Personally, I'm using 2 devices: A UWell Caliburn G pod system for salt nic, and a GeekVape ZEUS tank on top of a Vaporesso GEN for my bigger clouds and better flavor.
I vape a pink lemonade on my small boy, and a_ wonderful _lychee menthol on the box mod, it tastes so, so good.
What do you all use to chuck clouds? What's your favorite flavor? Tell me all about it!


----------



## TrinityWolfess (Feb 1, 2021)

I don't have a picture but I have a green/black Vaporesso Polar with a Blue NRG tank. My favorite flavor is anything fruit and not very sweet.


----------



## .Antho (Feb 1, 2021)

TrinityWolfess said:


> I don't have a picture but I have a green/black Vaporesso Polar with a Blue NRG tank. My favorite flavor is anything fruit and not very sweet.


Yeah, I really can't do sweet flavors either. Fruity menthols are my jam.


----------



## TrinityWolfess (Feb 1, 2021)

FunniValentine said:


> Yeah, I really can't do sweet flavors either. Fruity menthols are my jam.

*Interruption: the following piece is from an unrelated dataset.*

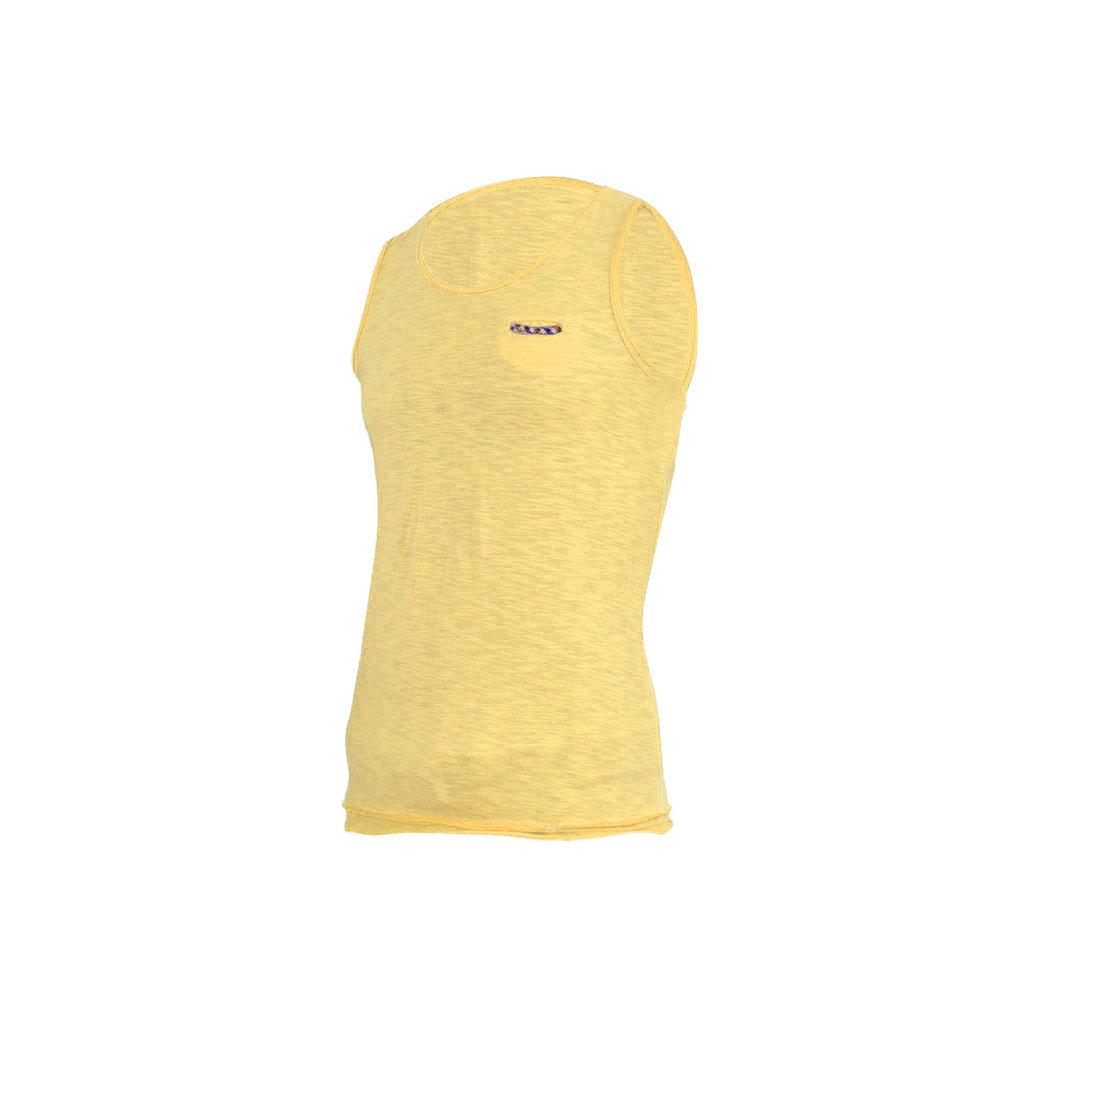 Men's Stylish Light Yellow Sleeveless Straight Tank Top S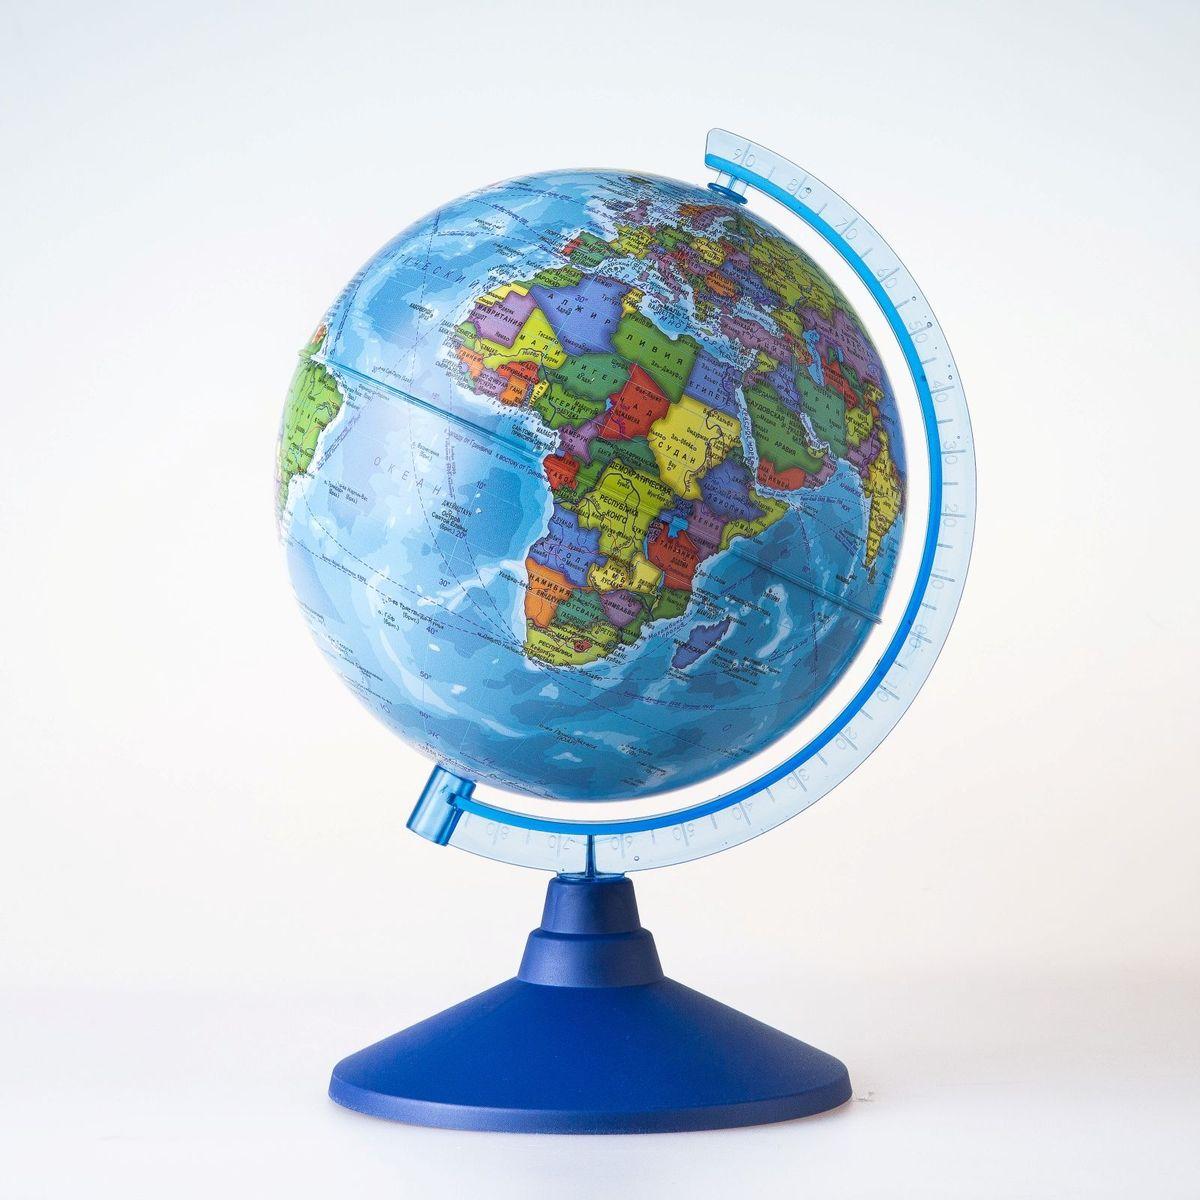 Глобен Глобус политический Классик Евро диаметр 15 см -  Канцтовары и организация рабочего места

I'm not a big menthol person unless it's one cigarette. I couldn't do a whole tank. I've done it and didn't like it. Tres Leches from Coastal Clouds is really sweet but so good.


----------



## Charleslr'93 (Feb 3, 2021)

I value my lungs and body >_<
Controversial subject, vapes and such. But I'm not a fan.


----------



## .Antho (Feb 4, 2021)

Charleslr'93 said:


> I value my lungs and body >_<
> Controversial subject, vapes and such. But I'm not a fan.


I mean, fair I guess? But this do be a thread for people who use these things


----------



## rekcerW (Feb 8, 2021)

here's my sick setup, brah. like fuck, though, i've been suckered by these fucking things for 17 years, wasn't vaping supposed to be a way to quit smoking shit in the first place?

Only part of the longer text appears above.